Opened 9 years ago
Closed 9 years ago
#26610 closed New feature (fixed)
Add a citext field for contrib.postgres
| Reported by: | Shadow | Owned by: | nobody | 
|---|---|---|---|
| Component: | contrib.postgres | Version: | 1.11 | 
| Severity: | Release blocker | Keywords: | index charfield textfield case insensitive optimisation db-indexes | 
| Cc: | aksheshdoshi@… | Triage Stage: | Ready for checkin | 
| Has patch: | yes | Needs documentation: | no | 
| Needs tests: | no | Patch needs improvement: | no | 
| Easy pickings: | no | UI/UX: | no | 
Description
I was analysing some of our queries - and one of the things I noticed was that if you use iexact, then the database needs to do a full table scan because it is unable to use the index I had on the field.
class Example(models.Model):
    text = models.CharField(index=True)
Example.objects.get(text="meow")  # This will hit the index
Example.objects.get(text__iexact="meow")  # This does not.
I am aware that this kind of index can be added manually by RunSQL migrations, but I think this is probably a common enough scenario that the ORM should attempt to handle it natively.
# PROPOSED CHANGES - THIS DOES NOT ACTUALLY WORK
class Example(models.Model):
    text = models.CharField(insensitive_index=True)
Example.objects.get(text="meow")  # This probably won't hit the index (might depend on the db)
Example.objects.get(text__iexact="meow")  # This would.
What are your thoughts?
Change History (18)
comment:1 by , 9 years ago
| Cc: | added | 
|---|---|
| Triage Stage: | Unreviewed → Accepted | 
| Version: | 1.9 → master | 
comment:2 by , 9 years ago
comment:3 by , 9 years ago
My current backend is indeed postgres. In my specific usage case is important. It's just when users are searching for models in my search box the filter needs to be case insensitive because... well... users are very sensitive about case insensitivity.
With the citext idea - would programmers have control enough to have both a sensitive and insensitive index if required? Or would that make all filters implicitly case insensitive?
follow-up: 5 comment:4 by , 9 years ago
citext would make all queries and unicity checks case-insensitive. It's still case-preserving so I assume it would work for you even if "case is important".
comment:5 by , 9 years ago
I've done some reading on citext - and it would indeed do the job I want it to do.
My only concern is that iexact effectively becomes implicit, which may surprise some developers.
I guess the question is: would people value being able to do both insensitive and sensitive searches on the same field?

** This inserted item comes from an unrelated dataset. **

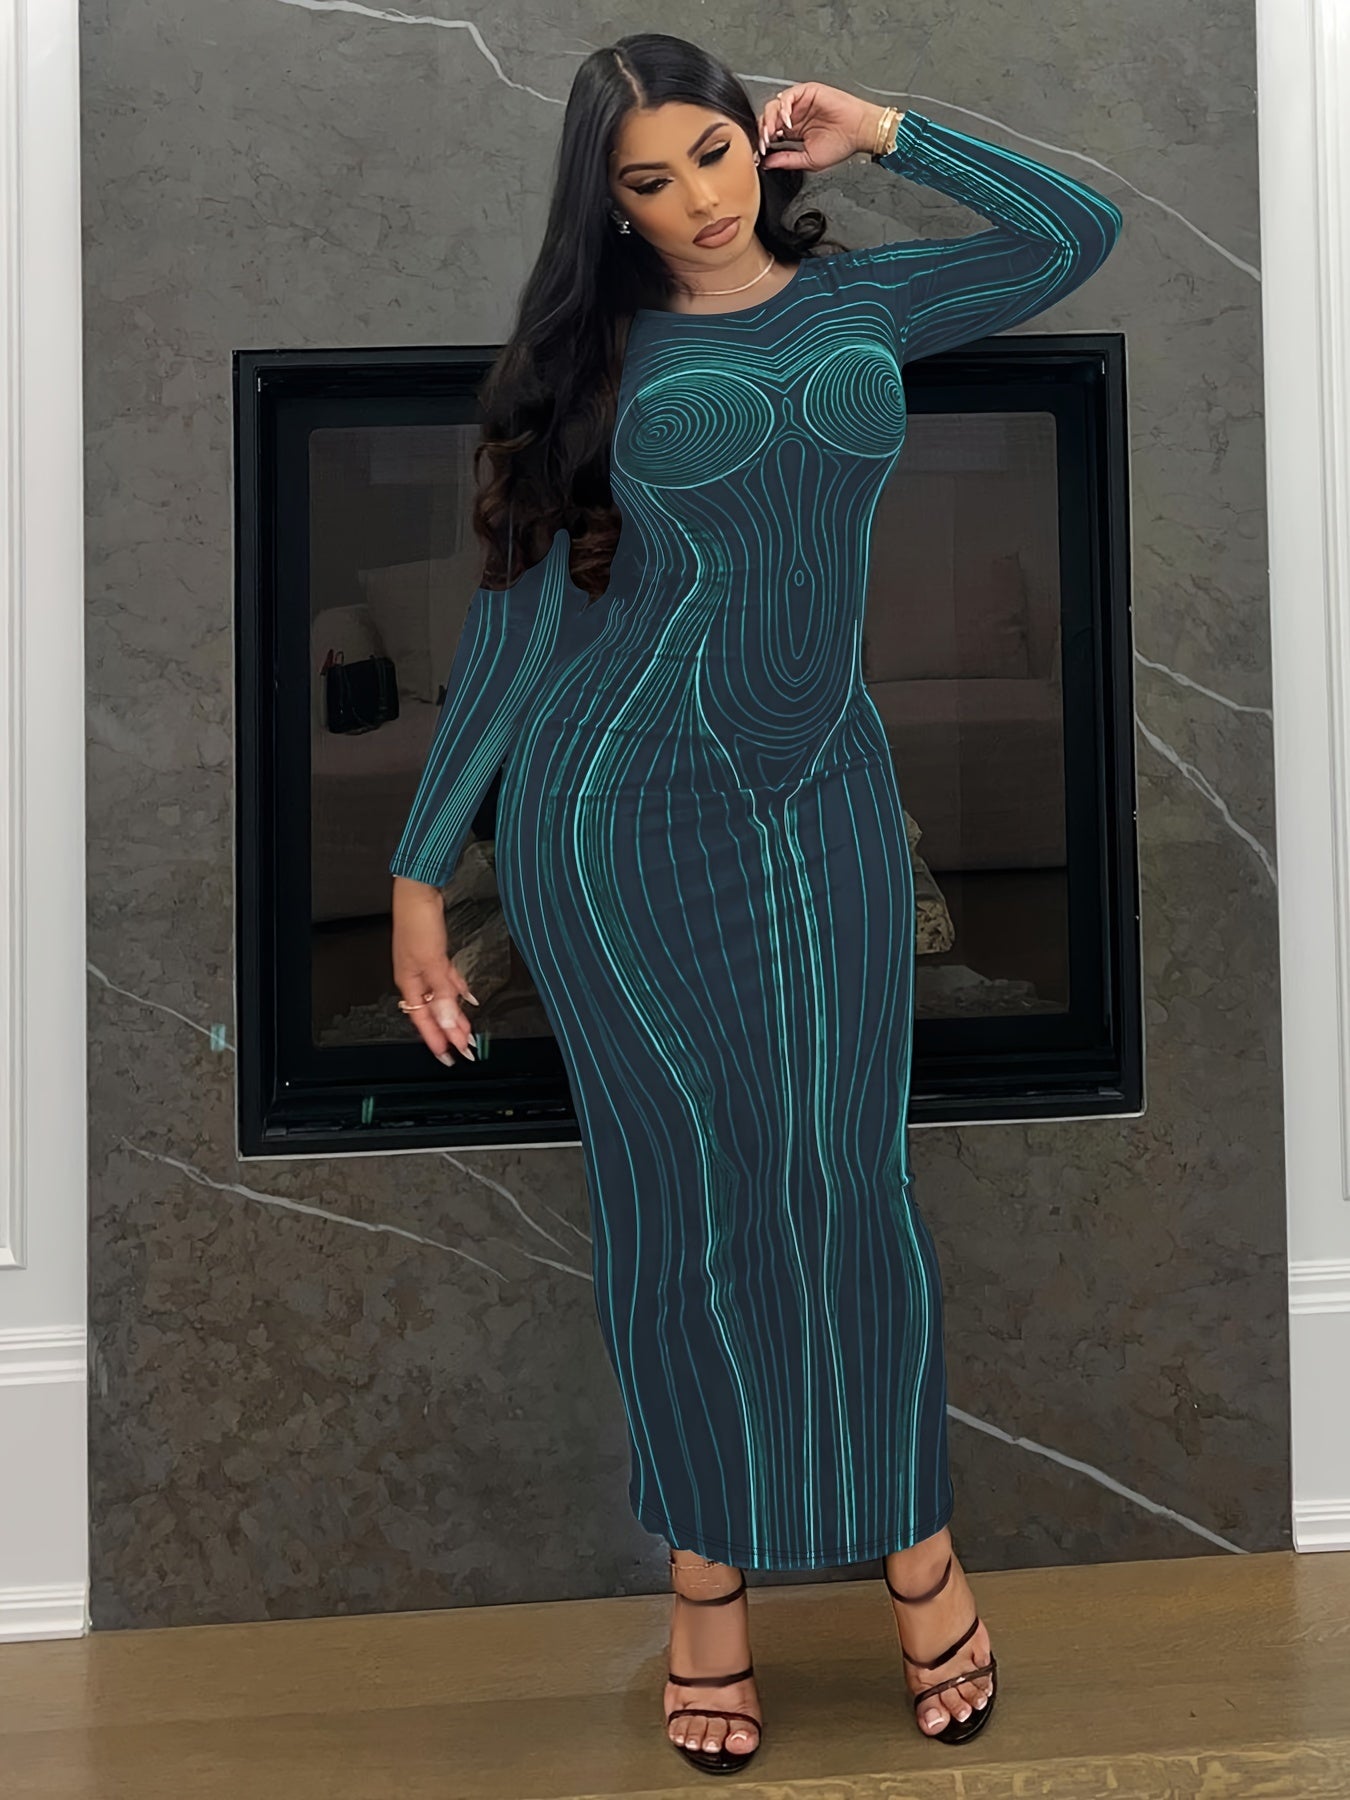 Antmvs Plus Size Sexy Dress, Women's Plus Stripe Print Long Sleeve Round Neck Backless Skinny Maxi Dress

The only other way I could think to do this would be creating a functional index, which would give the ability to have the different index kwargs as I had in the original report, but I'm not sure which wins from a performance point of view.
And, again, if people would find having both a useful feature.
comment:6 by , 9 years ago
| Keywords: | db-indexes added | 
|---|
comment:8 by , 9 years ago
| Component: | Database layer (models, ORM) → contrib.postgres | 
|---|---|
| Summary: | Case insensitive indexes → Add a citext field for contrib.postgres | 
comment:9 by , 9 years ago
| Patch needs improvement: | unset | 
|---|
comment:11 by , 9 years ago
As suggested on django-developers, I've created a PR to change the base class to TextField since max_length isn't used and shouldn't be required.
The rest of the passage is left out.